I’ve learned to trust the process. Another cliché, but it should be noted that clichés, however unoriginal, are rooted in truth. Unoriginality is scorned in a culture that assigns value to individuality, even if that individuality is completely useless, but clichés offer reassurance that somewhere, someone has experienced what you have. There’s a melancholic poetry to a human connection that will never be visible, but instead lies in the strength of persisting conventional wisdom. Love and helplessness.

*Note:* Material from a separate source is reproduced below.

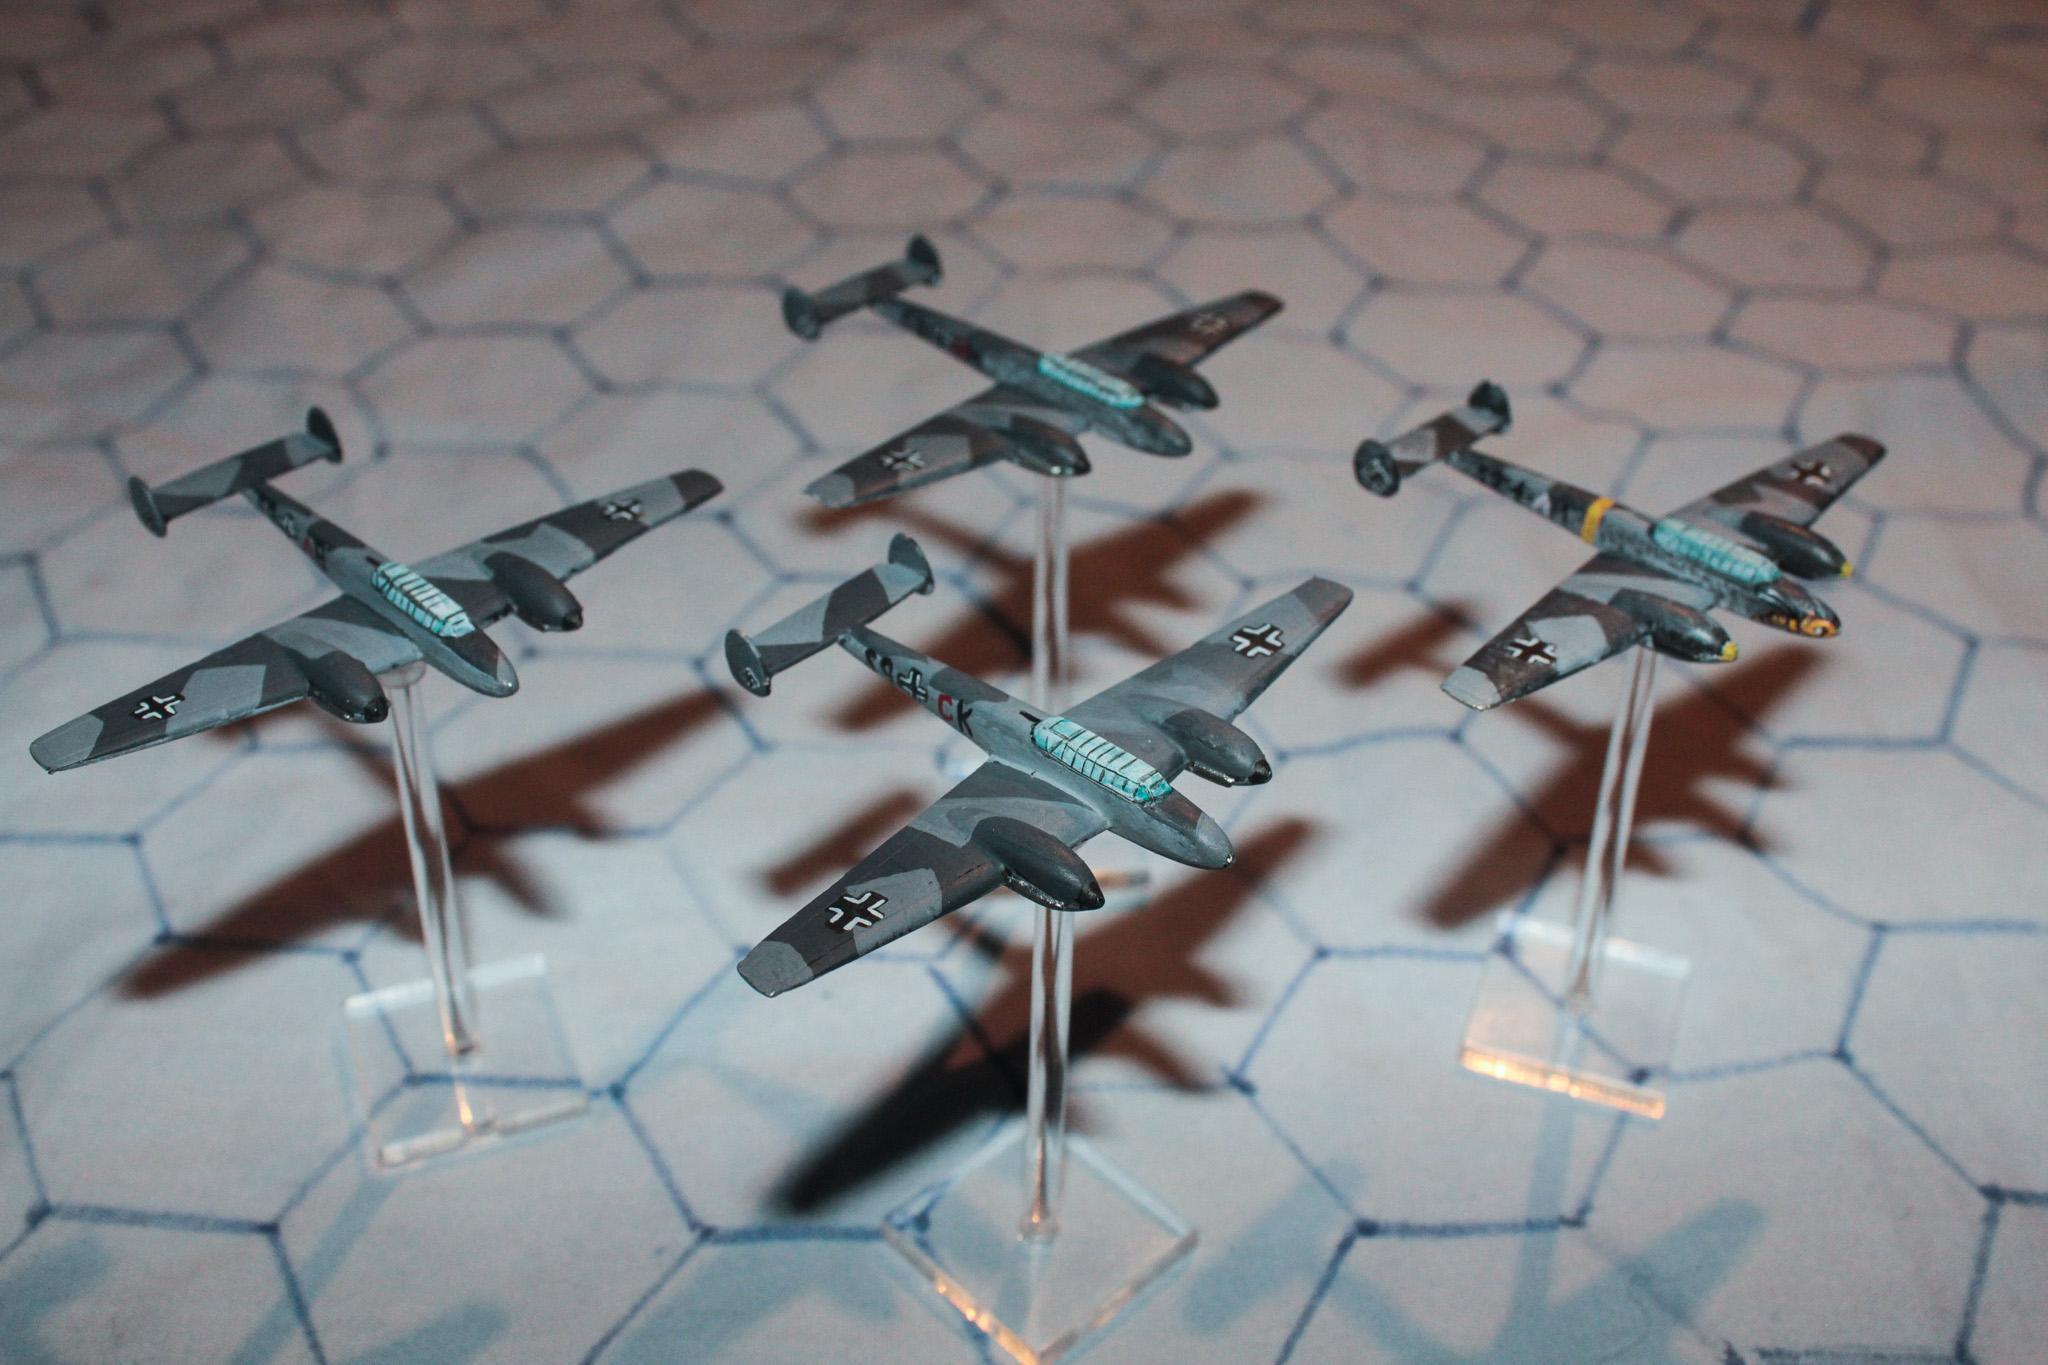 1:300, 6mm, Air Combat, Airborne, Aircraft, Airplane, Aviation, Check Your 6!, Fliers, Luftwaffe, Nazi, Planes, World War 2

Organicism is what flows intuitively, a natural progression, what develops when you strip away the pretense of intention and savor the loveliness of being lost in the clamor of the universe. It’s a word of delicious contradictions, one in which everything flows naturally but only after you’ve given yourself completely to it, like diving deep beneath the crashing waves to where everything is bottle-green and still as glass, and you close your eyes and hold your breath as the noise envelops you like an embrace, hoping for the best.

We do not grow in one direction but many; we do not exist as fixed points on a map but as white-hot comets blazing across the infinite universe, leaving a trail of stars in our wake. We exist in iterations of ourselves, and that’s a beautiful thing.